In the final weeks of her life, my mother shared a special disappointment in our last deep mother-daughter talk. In the previous five years she had spent most of her time in bed, with her brain ravaged by a series of strokes. The strokes had damaged her memory and her verbal capacity and changed her personality. Mom told me how sad she was that her strokes had deprived her of the joy of singing. They had destroyed her perfect pitch and she could no longer carry a tune. She felt that was her biggest loss.
In this late tribute to Mother's Day (May was a bad month for my family), here is a scrapbook memory of my mother. She was partially sighted -- legally blind. One of her eyes was a glass eye, so her eyes don't track together for the camera. She was always game for photos, though.
Quick drop template and elements from The Blues, May 2015, ClubScrap |
For her memorial service, I focused on the gifts she gave as a mother.
... Today I'd like to remember Mom through the unique gifts she gave me: gifts that arose from her own interests and passions, gifts given with a full measure of her love, gifts that are uniquely from Molly.
My Mother gave me the empowering gift of words. Mom was a writer and an avid reader. I remember how the words of Talking Books filled our house from the time she woke up until the time she went to sleep. She listened to novels and biographies, science fiction and news magazines. By the time I started school, I was privileged to have heard the words of authors such as Pearl Buck and Isaac Asimov. Talking Books were Mom's ticket to the universe, and her family was fortunate to share her journeys.
Mom also read books and magazines by holding the page close to her face and using a magnifying glass. Her example inspired me and I asked at about age four to learn to read. Mom acquired a reading primer and she patiently taught me the alphabet and phonics. With her limited vision, it must have been very hard for her to share a book with me — a squirming child, yet she spent the time and effort to give me a strong start.
Mom's old manual typewriter stood always at the ready for writing letters and articles. As a child, I marveled at how fast she could type, although she could not see the keys. She had learned to touch type as a young child, when she first started school at the Arizona School for the Deaf and Blind. In turn, when my hands grew large enough to type, she patiently taught me touch typing, though I was a most reluctant pupil.

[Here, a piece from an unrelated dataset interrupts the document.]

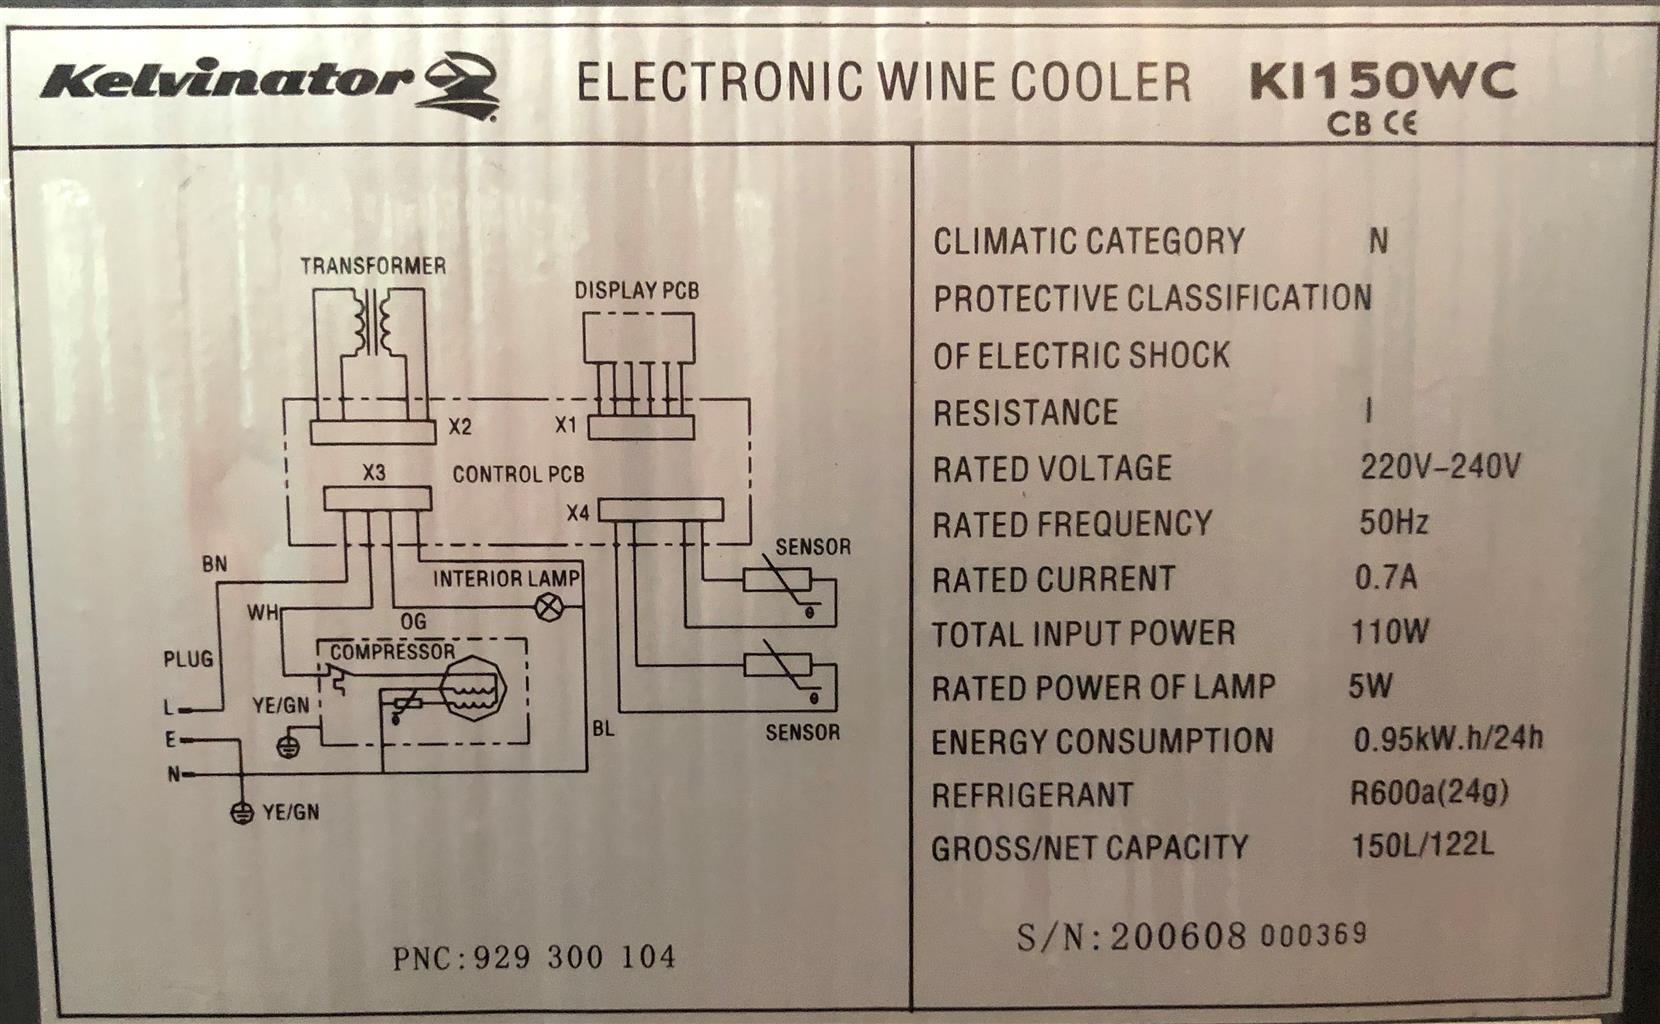 Kelvinator Electronic Wine Cooler

Mom also taught me writing skills by example and instruction. She was on the writing staff of her high school newsletter and continued to write for newspapers and newsletters throughout her life. When she wrote, she asked us to review what she had written. Mom used those times as a teaching tool, to discuss the structure of sentence and story.
She taught me to love words, to acquire a broad vocabulary, and to use words correctly. She taught that words have the power to inform, to entertain and to provide escape.
My Mother gave me the gift of inquisitiveness. I remember going on a family outing so Mom could research an article on the local reservoir. As I played at the water's edge, she talked about finding the answers to the "W" questions: who, when, why, where, what and how. She used those questions throughout her life, not only as a writer, but also in her personal life to draw people out and expand her world. She made sure I knew the right questions to ask.
My Mother gave me the gift of self-sufficiency. She was a child of the Great Depression and came to young womanhood during World War II. She watched her Mother and other women struggle to put food on the table and keep a roof over their heads. She knew true hardship. I was a child of the 50s and 60s who idolized the TV fantasy of June Cleaver. Mom lectured me many times on my foolish attitude. She knew from experience how important it is for each adult to be able to support themselves and a family. She encouraged me to study, to go to college, to learn a skill, to establish a career, and to know that marriage and family are an option, but not the only option.
My Mother gave me the gift of music. When the Talking Books weren't playing, music filled our home. At nap time and bedtime she played classical recordings. On Sunday mornings, as we got ready for church, she played religious music. Sometimes she played old American folk songs and patriotic songs. She made sure that her children were exposed to fine music, as well as to the music that is our nation's heritage.
Mom had a beautiful voice: a clear soprano with a wide range. She claimed to have perfect pitch. She played piano and had at one time experimented with Hawaiian guitar. She wanted her children to be musicians, also. I must have been quite a challenge to her, since my musical abilities are merely adequate. Yet she patiently taught me basic piano skills and how to read music. She gave me her old guitar and helped me restring it as a Western guitar. Since my pitch is so poor, I struggled to tune it, so Mom taught me how to tune by resonance, rather than frequency.
My worst musical challenge was when my voice deepened and I could no longer sing the melody. I despaired of ever being able to harmonize. Mom used her wonderful talent to rescue me. We played records and sang with the organ for many hours and many weeks. She patiently guided me along the alto part. In church, she would sit next to me and would guide me by singing the alto part an octave higher, her clear, pure soprano soaring over the other voices.
When she was a senior in high school, she wrote a poem for her school newsletter that reflected her love of music. I'd like to share with you the last verse of that poem:
School is what you make it. / Life is what you do. / Music adds a richness / All your long life through.
I am not sharing personal details at this time, as I am still keeping a certain level of privacy for my parents, though both have passed.